> **RECORDED INFORMATION**
━━━

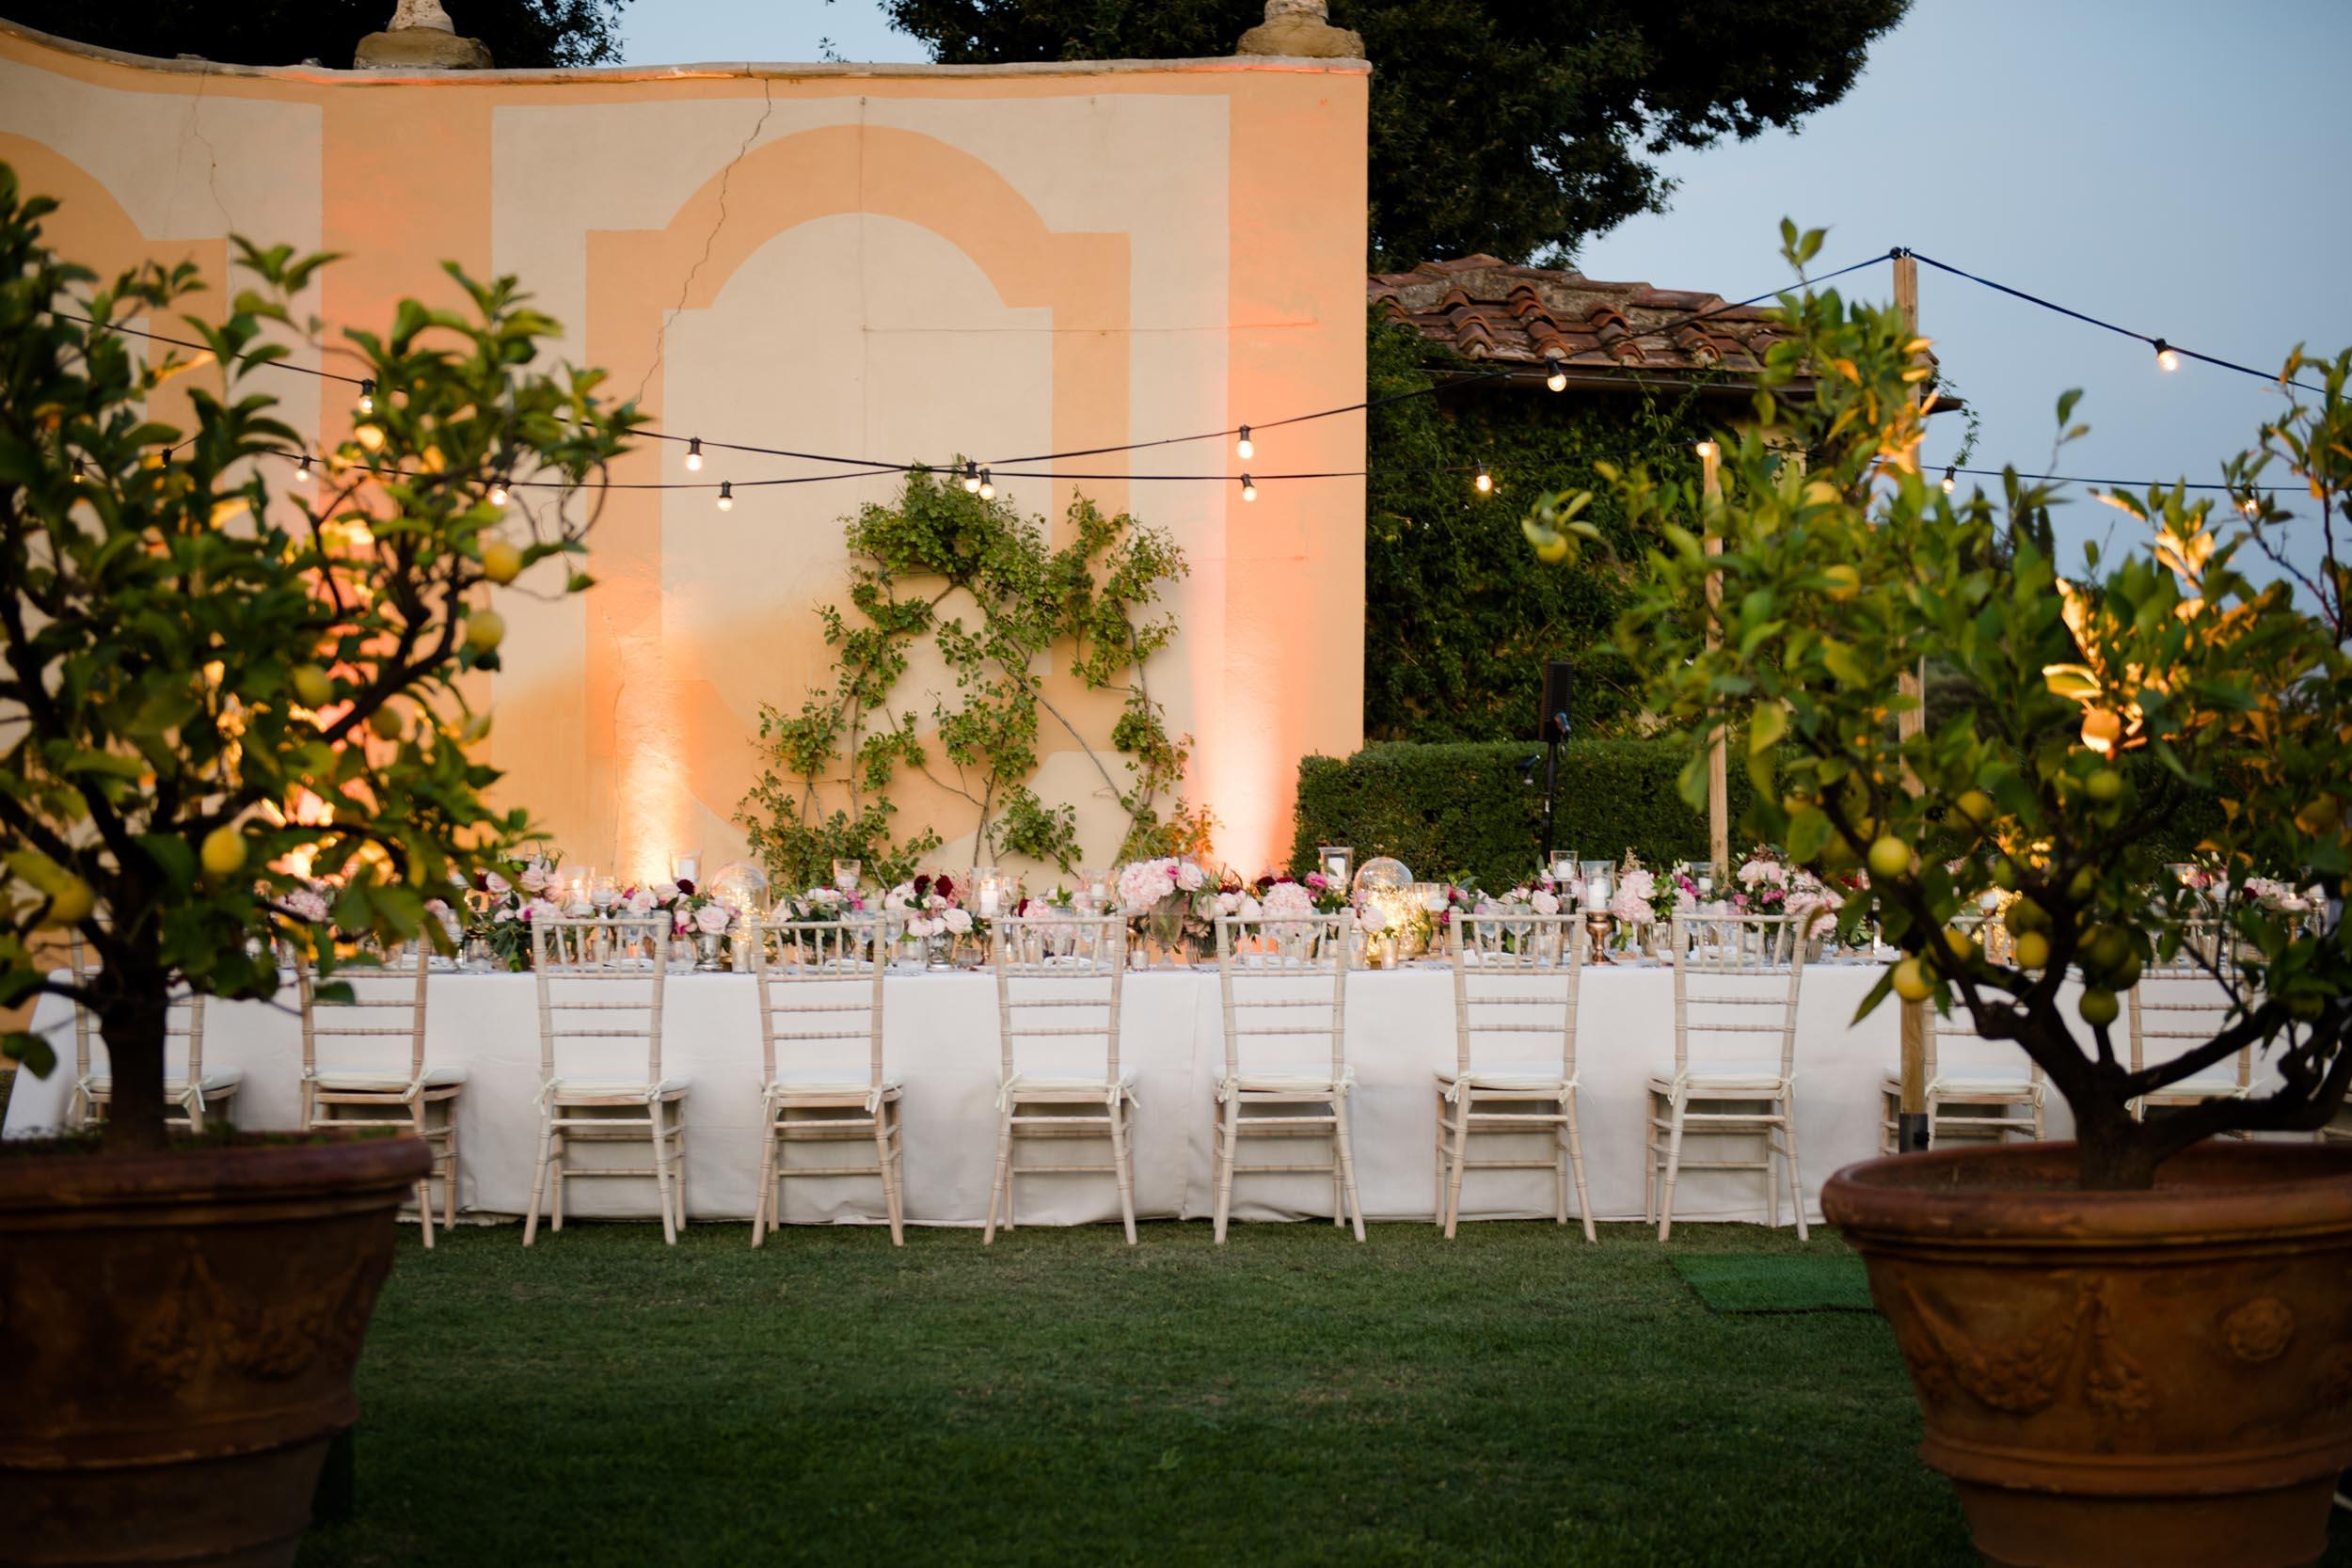 villa-gamberaia-florence-italy-destination-wedding-70.jpg
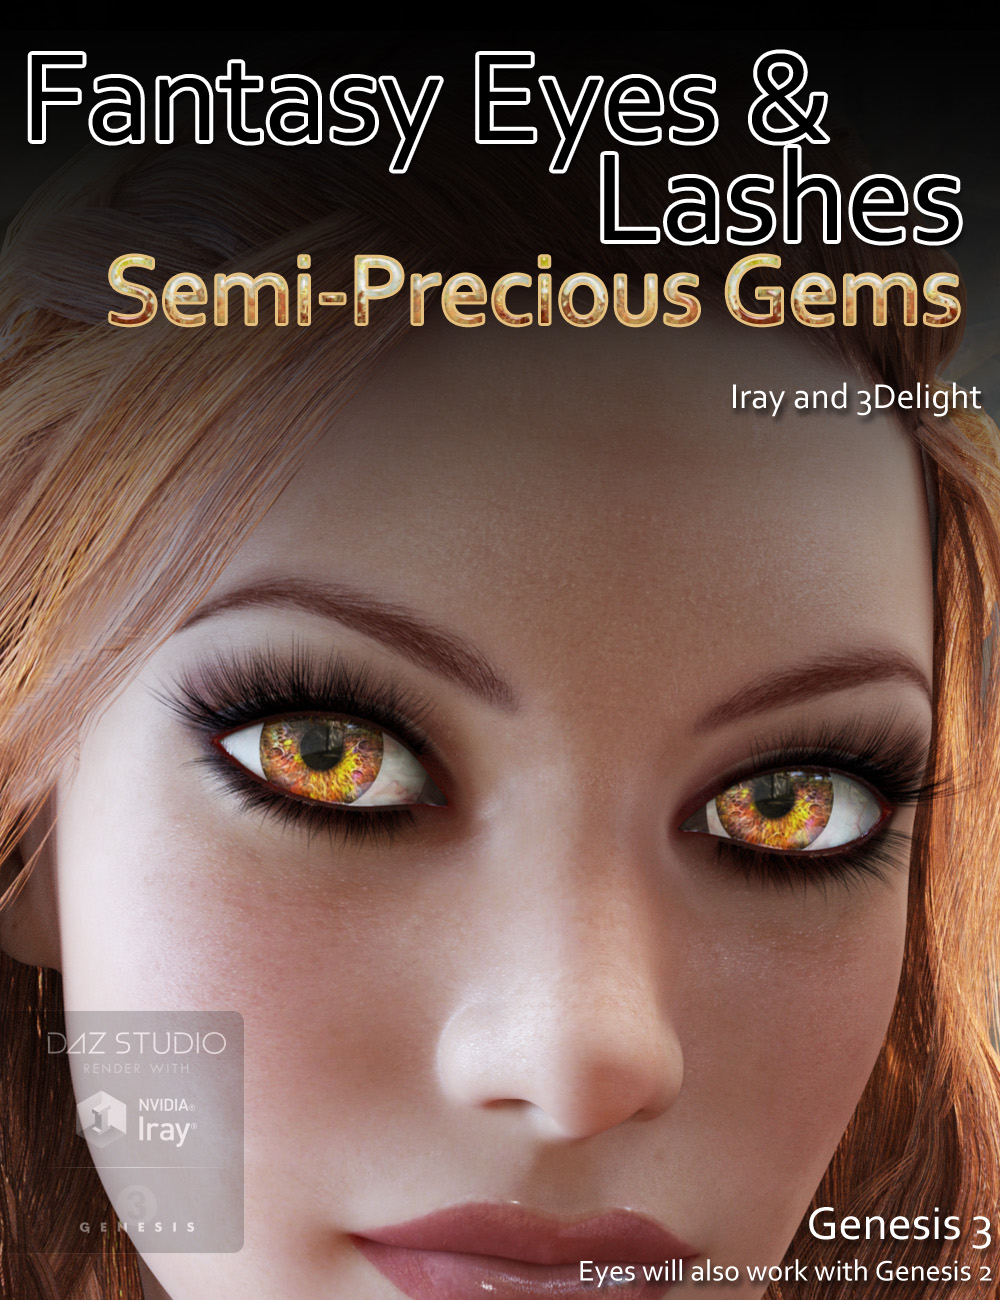 Fantasy Eyes - Semi Precious Gems and Lashes by: DraagonStorm, 3D Models by Daz 3D
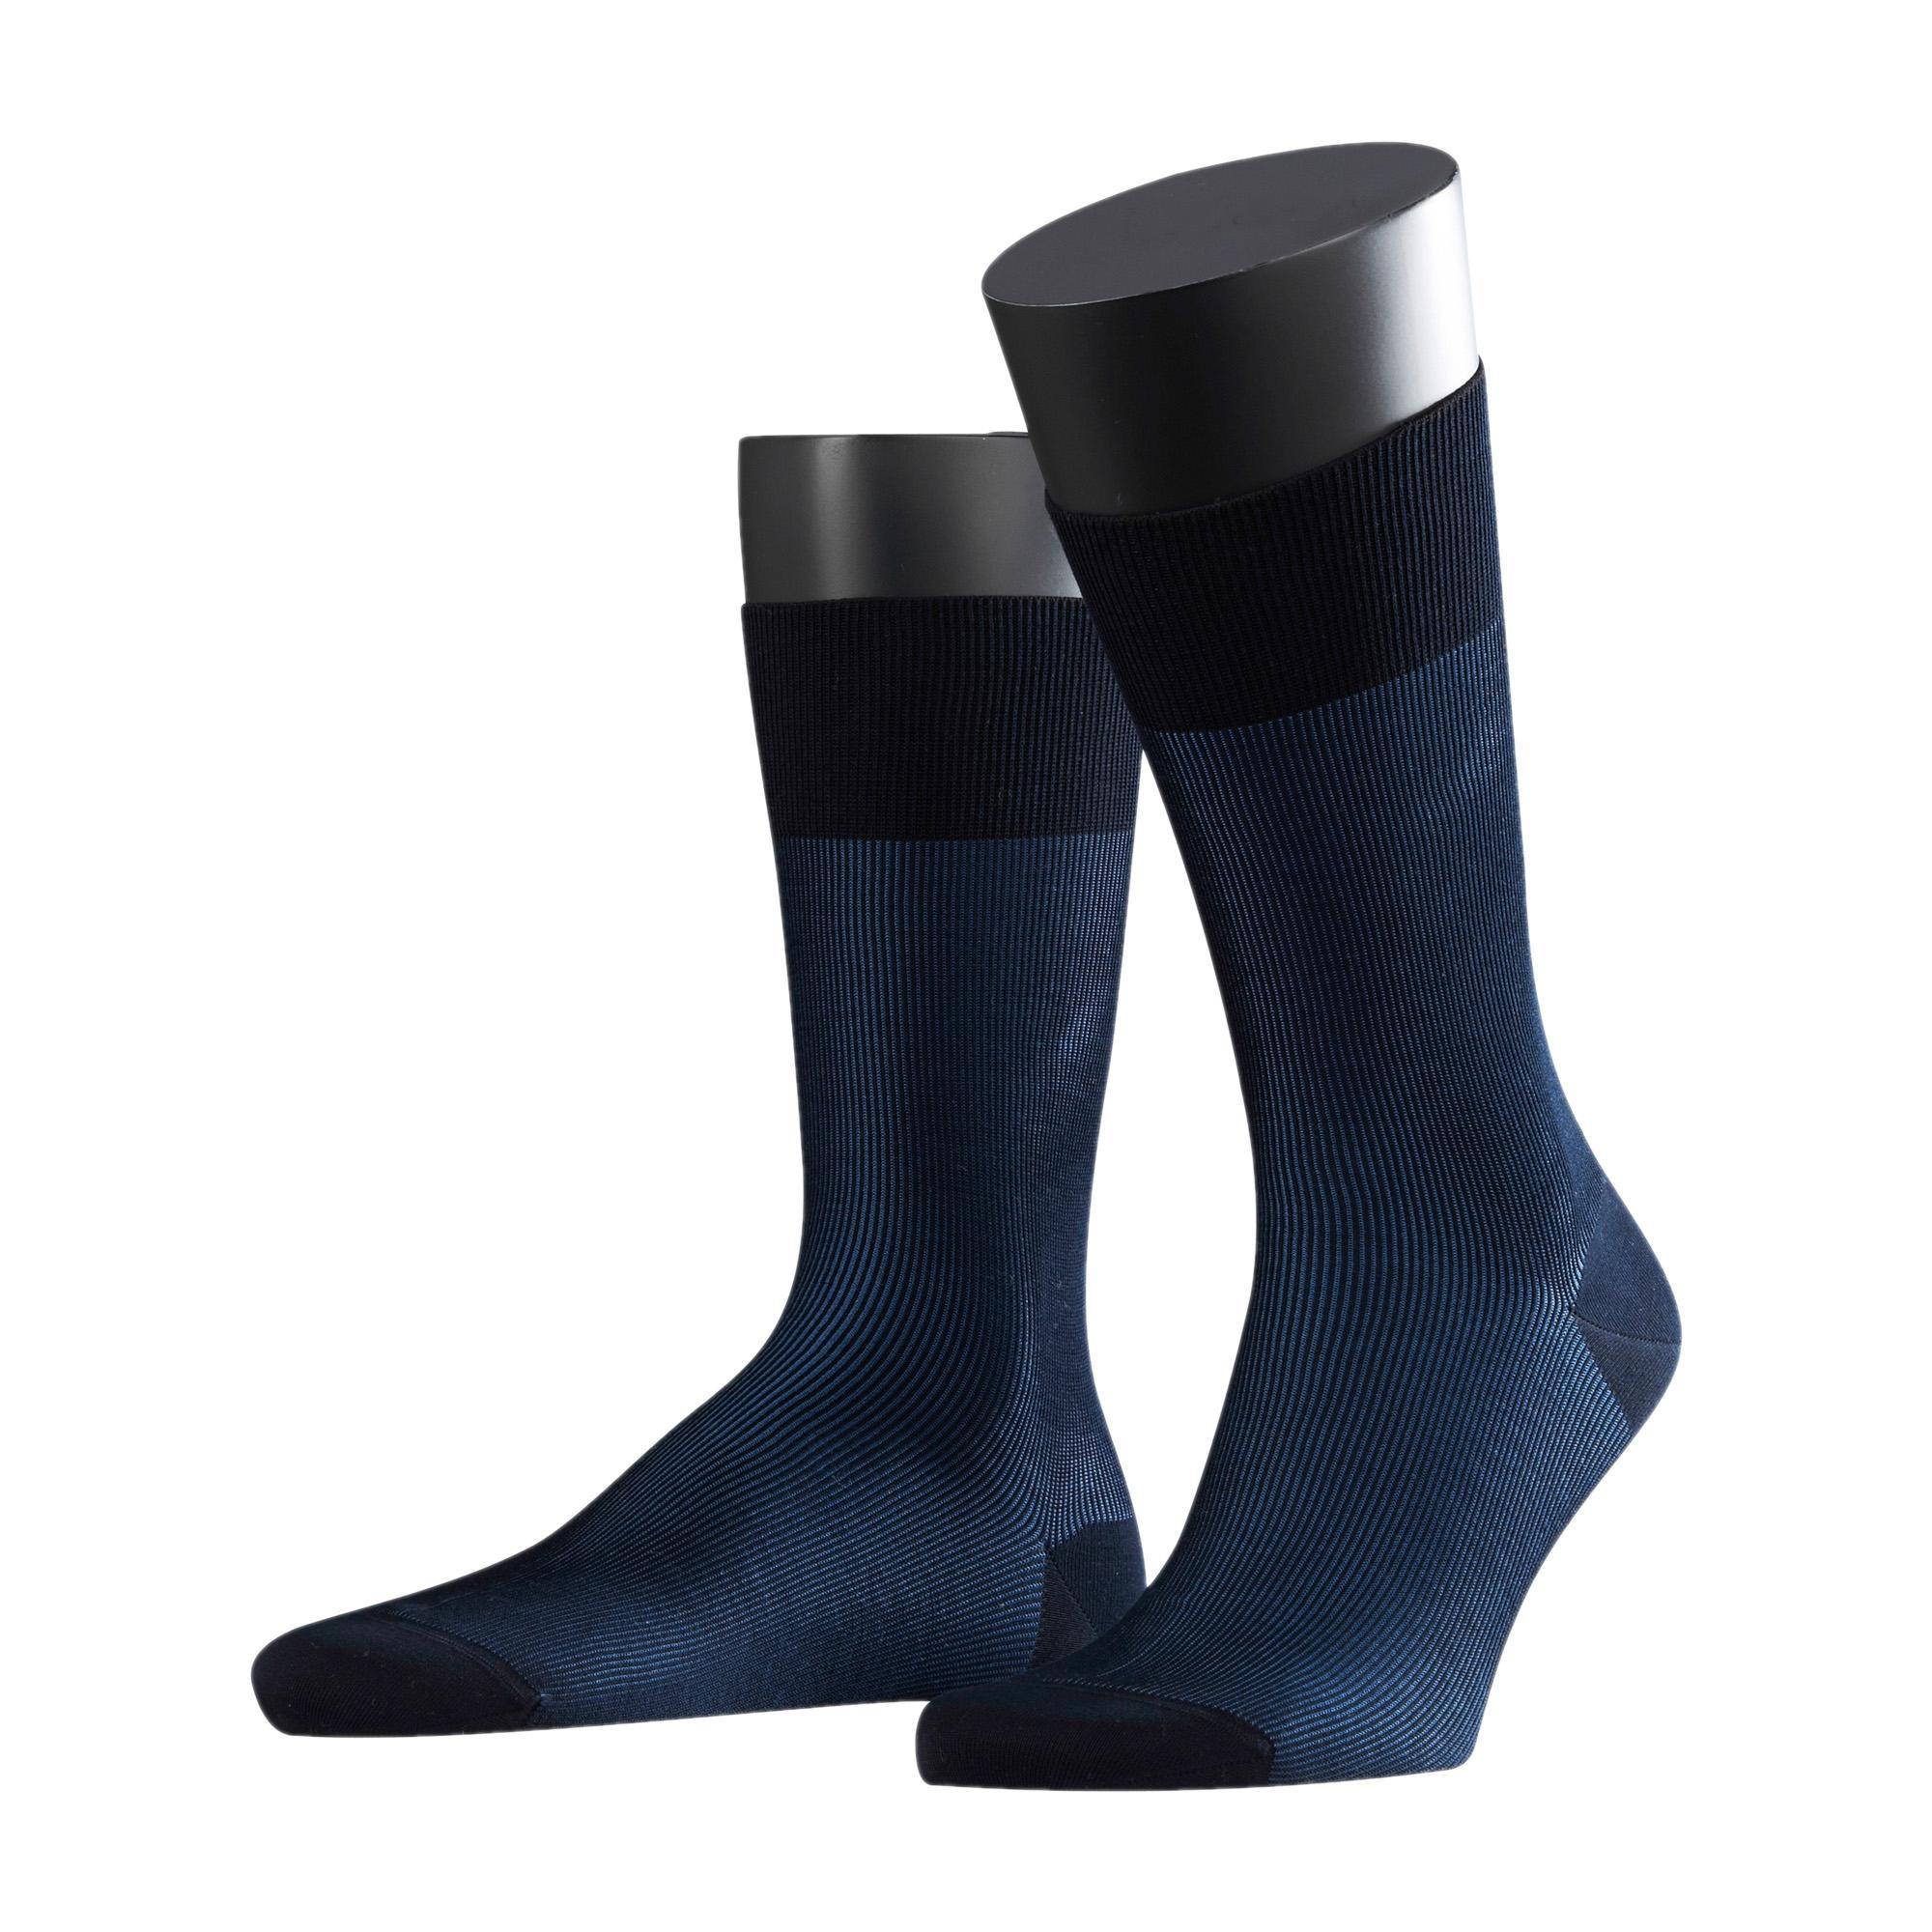 Fine Shadow socks

━━━

> **PROBLEM TO SOLVE**
Line by line, output the material above exactly, passing over the pictures.

> **SOLUTION TO THIS TASK**
 villa-gamberaia-florence-italy-destination-wedding-70.jpg
 Fantasy Eyes - Semi Precious Gems and Lashes by: DraagonStorm, 3D Models by Daz 3D
 Fine Shadow socks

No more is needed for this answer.